Eamon Grennan’s natural world bears a significant similarity to the late, great Theodore Roethke’s. He is less boisterous (or even barbaric) than Roethke, but like Roethke, his attention to the natural world is a way of looking out in order to see inside. The subject may be as personal as romantic loss or disillusionment or nostalgia, but Grennan will find in the natural world the imagery to make such feelings palpable to a reader. He understands the human animal may be little different from the common wild or domesticated animal. It may be that all there is that separates human and animal is less love, for example, than it is the language that makes of love our most powerful abstraction, though Grennan, like Keats, admires and envies, even, the purity of emotion and expression in a bird’s singing. In a poem that deftly conflates two birds singing in a leafless ginkgo and a pair of lovers in a room so cold they could see their breath, Grennan notes that the lovers’ breath “at blood-heat/[frosts] the windowpane,/blinding its clear unlying eye.” It is the window looking out on the singing birds, not the lover’s eye, that does not or cannot lie. And the poem, which grieves nostalgically for such a moment when the lovers were warmed by their love alone, ends with the following line. It is perfectly ambiguous which pair–birds? lovers? both?–the operative pronoun, “they,” refers to, or whether the adjectives are literal and birdly, or figurative and human: “Such sharp songs they had, and clear green throats.”

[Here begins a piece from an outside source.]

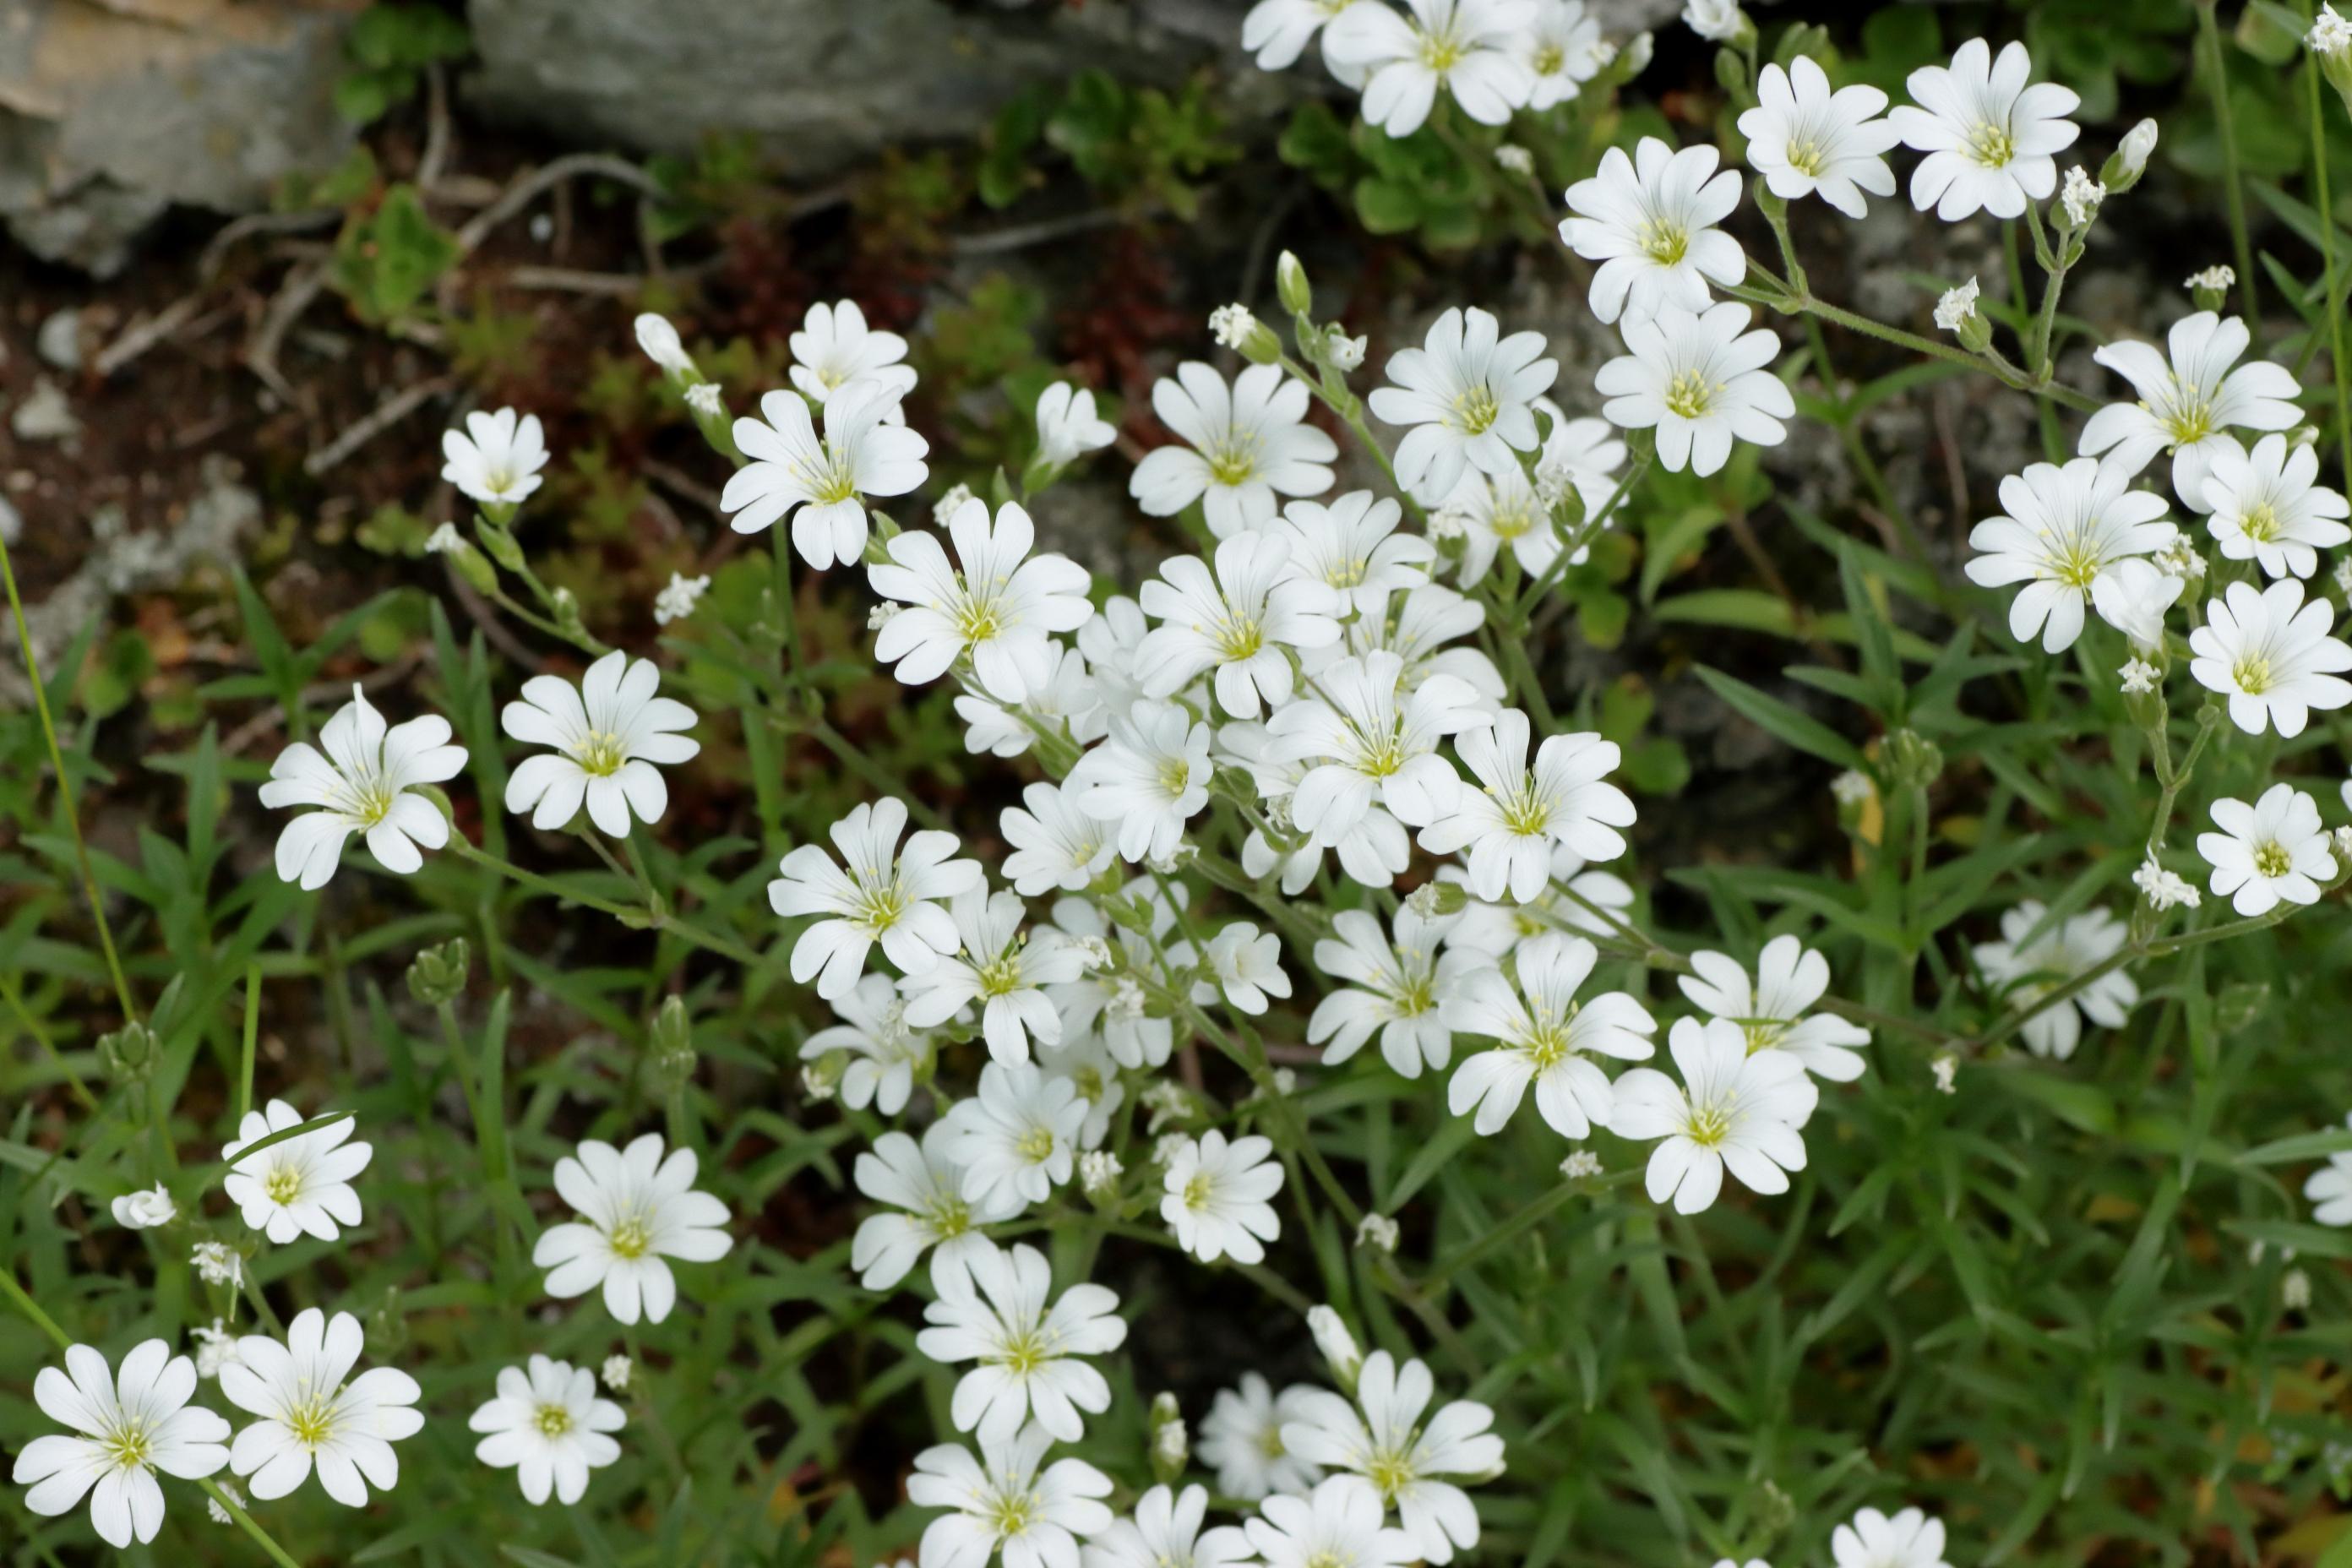 Acker-Hornkraut - Blüten

In 1963, I was 12 when “the British Invasion” accelerated to full speed, with the Beatles appearing on The Ed Sullivan Show. Forty years have passed, and my children find the Beatles charming and quaint, “kind of like Bach,” my daughter says. If there has been an “Irish Invasion” in American poetry, it has come at a much slower pace. An “infiltration” might be the better term, though I think I’d prefer something more like “a welcoming.” We are, however, clearly blessed with the presence (or regular presence) of a number of Irish poets of great distinction, from the titanic Seamus Heaney, through the dazzling and urbane Paul Muldoon, to the fierce and passionate Eavan Boland, among others. I would add to this list, as a simple matter of filling out a sort of “Fab Four” of Irish poets in the USA, the name Eamon Grennan. All four are decidedly different: Grennan does not so often employ Heaney’s references to Irish history, and compared with the delirious formal jazz of Muldoon, his poems are restrained. It might be the time Grennan has spent here–thirty years, according to the biographical note in this book–but I would suggest that Grennan is, in a way, the least demonstrably Irish of this quartet. It is not that his poems are less musical than we might expect of an Irish poet (nor of any other English-writing poet with an exemplary ear). They are often lavish with music (“buff-colored heifers up to their bellies in buttercups”). It’s not that he never speaks of Ireland; a number of the poems in this book take place at Renvyle, in the north, where he spends his summers. Nor is it that he speaks any more frequently than Muldoon, say, of this country. Finally, it is not that his poems seem any more “American,” whatever that might mean. Rather, it is that Grennan’s poems, in my opinion, possess a kind of pure and purifying statelessness. They are of the places in which he lives on this planet. They could be of almost anywhere on the planet–momentary, powerful, evocative and rewarding.

In Eamon Grennan’s poems, in his world, we enter a place where “itch begins to rhyme with ache.” These words are something we understand in English, but the concept, I believe, goes all around the world.